Por Máximo Hernán Mena |

Cosas transparentes, a través de las cuales brilla el pasado.

Vladimir Nabokov

I

Un espejo es un territorio, una superficie bruñida que representa un espacio, una geografía móvil y silenciosa, un acallado recodo, como las imágenes que allí vemos; porque en los espejos no hay voces ni música. Sin embargo, un espejo es un retrato, un recorte que nos muestra sus límites y fronteras, pero también puede insinuar un lugar que puede expandirse hasta el infinito si enfrentamos dos cristales con las mismas propiedades, allí nos anuncia la necesidad de ir más allá, de superar ese non plus ultra de las columnas de Atlas. Creo que este libro, que ahora el lector tiene nuevamente entre sus manos, es una invitación original para esa navegación; los lectores no deben permanecer en el influjo de la imagen que aparece en el cristal y necesitan dirigirse resuelto “hasta aquí, no más”, que traduce el nombre de Tucumán. Siempre la mirada debe desmadrarse sobre las fronteras claras y distintas que propone un espejo, salir del sortilegio de la imagen que nos propone y que es, como señalaba Carlos Fuentes, “tanto un reflejo de la realidad como un proyecto de la imaginación”. La mirada o, en este caso, la lectura, debe salir de ese embrujo que trama el espejo cuando parece que nos refleja a nosotros mismos. No nos podemos quedar en la falsa compañía que encubre la indócil soledad de nuestra propia imagen.

II

Se procura aquí, en cada ensayo de Ocho narradores. Reflejos de Provincia, proponer nuevos recorridos zigzagueantes entre narrativas de autores diversos que se abocaron a representar y refractar las formas y siluetas de una ciudad. Además, es preciso señalar que, unos años atrás, me permitía aseverar que no existían muchas investigaciones críticas dedicadas a establecer diálogos y contrapuntos entre la narrativa de diferentes autores de la provincia. Sin embargo, este libro de Mabel Ruiz, publicado por primera vez en 1986, se mueve provechosamente entre estas coordenadas para armar un “gran lienzo” que nos invita a apreciar perspectiva, fondo y figura. Por lo tanto, nunca es tarde para hacer esta necesaria y provechosa salvedad. Acaso, desde ese entonces, haya intuido la autora lo decisivo que sería estudiar la narrativa tucumana para entender cómo las palabras e historias imaginaron Tucumán. Por ello, los reflejos ensayados aquí son trazos móviles y no una imagen detenida.

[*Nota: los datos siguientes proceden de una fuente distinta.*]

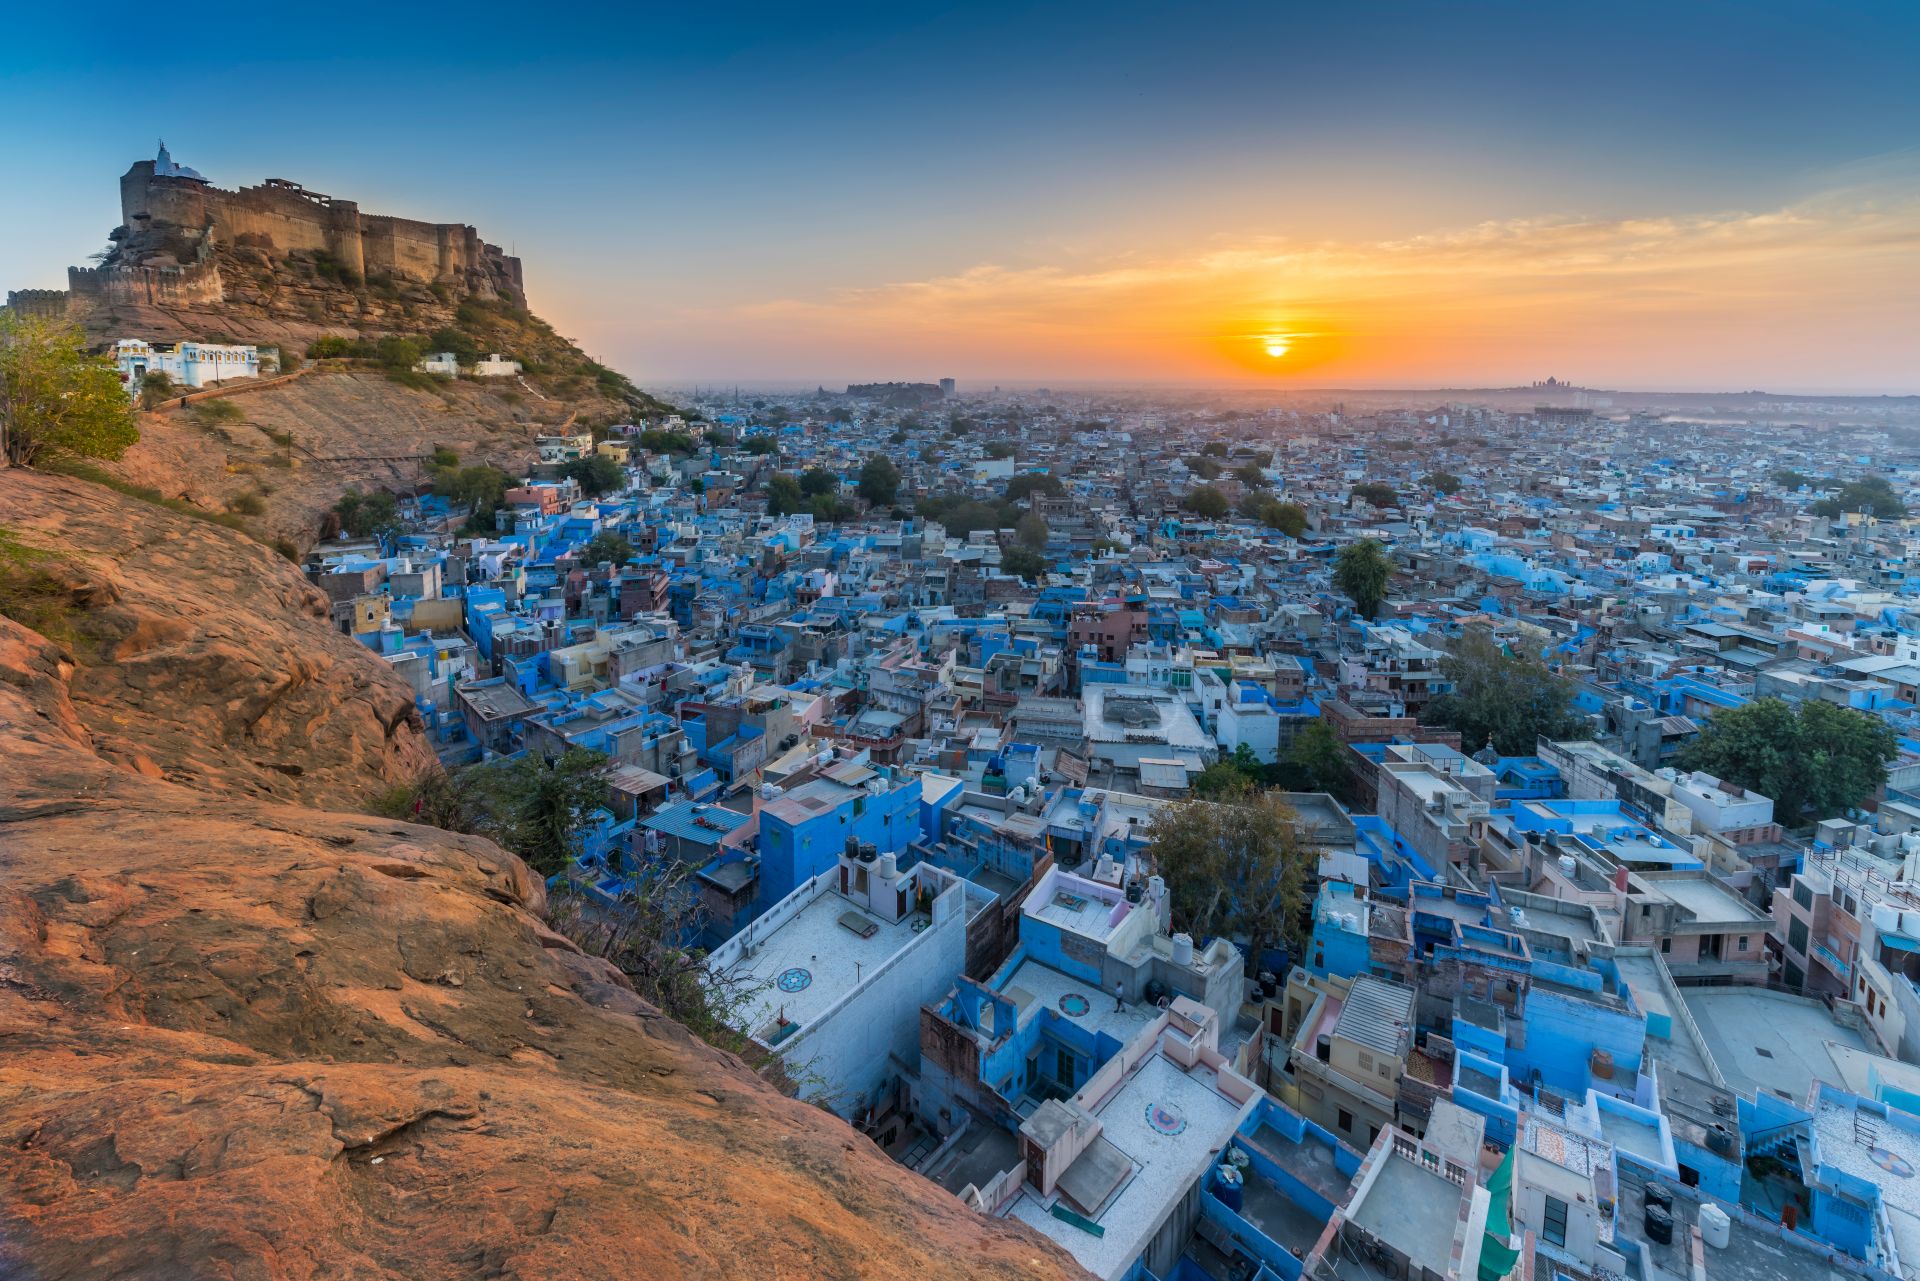 焦特布尔的蓝城和迈兰格尔堡。印度拉贾斯坦邦
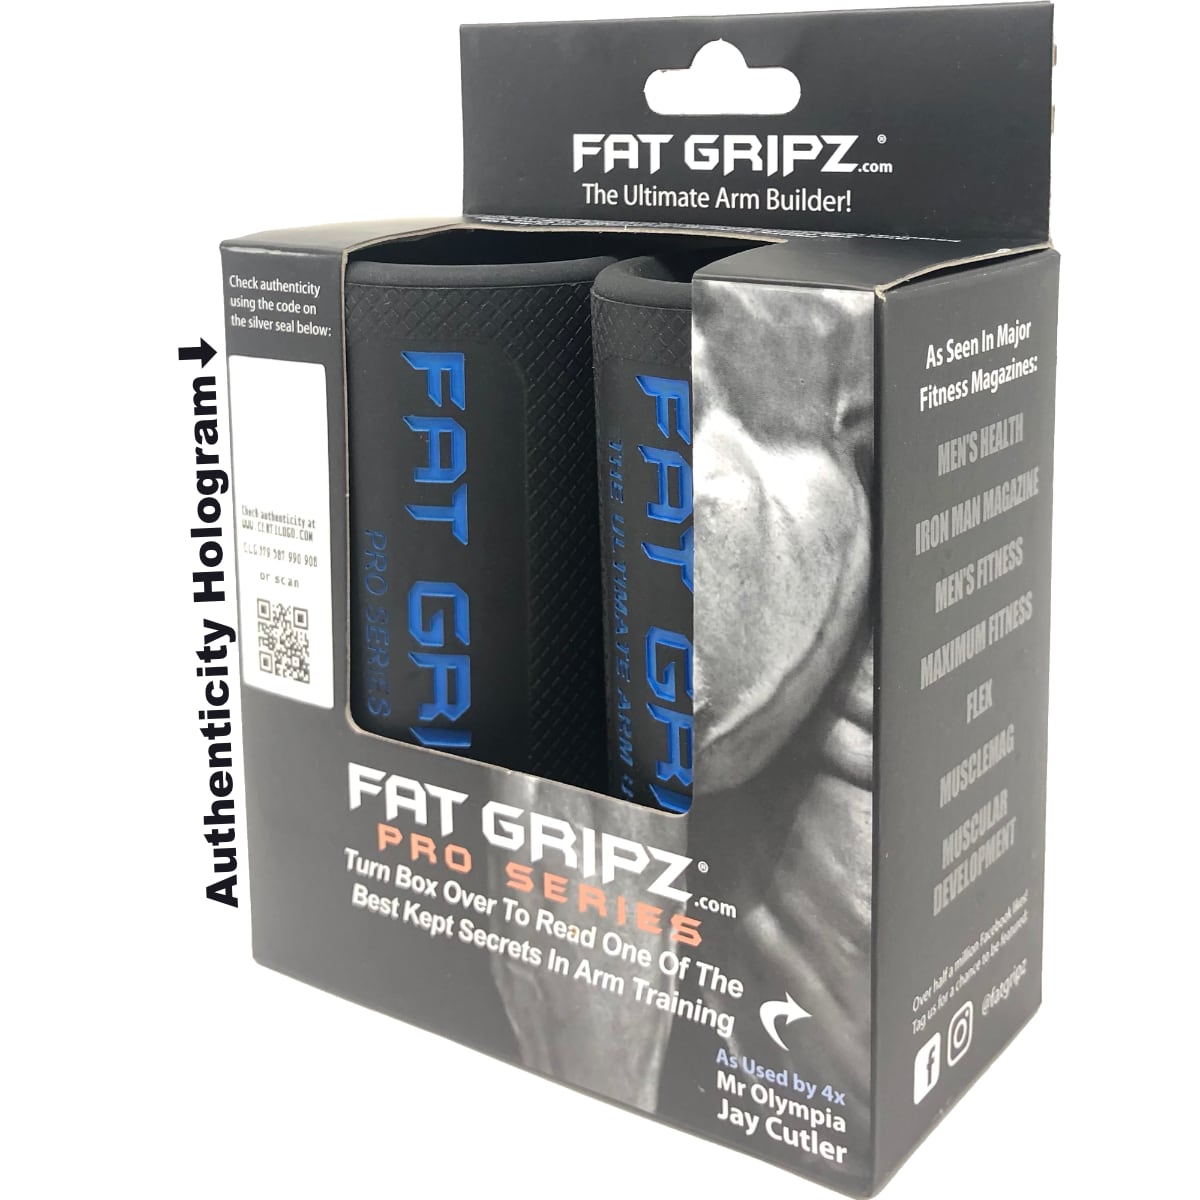 FAT GRIPZ(Original) – MuscleShapper

En este sentido, el significado del término “Provincia” no debe remitir al lector a un registro provinciano, al tono localista o al color local, sino a la necesidad, reconocida por David Lagmanovich, y porque no, por Juan José Saer, de leer la narrativa como escritura de un lugar, desde un lugar, que, necesariamente, es una escritura sobre el lugar, una sobreescritura.

III

Las intersecciones y cruces propuestos por la autora en este libro son reveladores, ya que ponen a discutir diversos textos narrativos para comprender la ficción escrita en Tucumán en la segunda mitad del siglo XX. Estimo que el ensayo sobre la obra de Alba Omil se articula en clave de homenaje. Entonces, en estos textos, el tratamiento de la muerte y el destino, condensan la preocupación por el tiempo: “Días, meses, estaciones, van corriendo bajo el embrujo de una música sin que los personajes del cuento lo perciban”. La consideración de Raúl Albarracín destaca en sus relatos la yuxtaposición de voces, la simultaneidad de planos narrativos y los cruces temporales, y se cierra con un lamento porque el autor no ha publicado más libros hasta el momento, vacío que procurará ser remediado años después por los descendientes de Albarracín, por ejemplo, con la publicación póstuma de su novela “El extraviado”. Los ensayos siguientes abordan la relevancia de las figuras de los niños y las representaciones de la infancia en cuentos de Omil, Albarracín y de Julio Ardiles Gray, serie a la que podríamos agregar a un autor como Pablo Rojas Paz: los niños son los únicos que pueden vislumbrar las verdades de los otros y el modo en el que los adultos se afanan en las mentiras y apariencias para seguir con vida. En este sentido, la autora remarca que, en la obra de Julio Ardiles Gray, los niños son metáforas del choque entre la realidad-imaginación con el mundo externo; es este desencuentro lo que se traduce en la búsqueda del paraíso perdido, como tiempo de la infancia y como territorio irrecuperable. De los cuentos de Ramón Alberto Pérez deslumbra su capacidad para retratar el momento crítico, el punto de inflexión en la historia de sus personajes, y el modo en el que la ambigüedad de los finales obliga al lector a adoptar un punto de vista para, en un último instante, notar lo aparente. Es poderosa la imagen que encuentra Mabel Ruiz en los relatos, al identificar a los perros como signos de la llegada de la hora final o, releyendo el relato a la luz del documental Vals con Bashir, como cancerberos del pasado que se arrojan al presente reclamando la memoria justa: la muerte no es el olvido.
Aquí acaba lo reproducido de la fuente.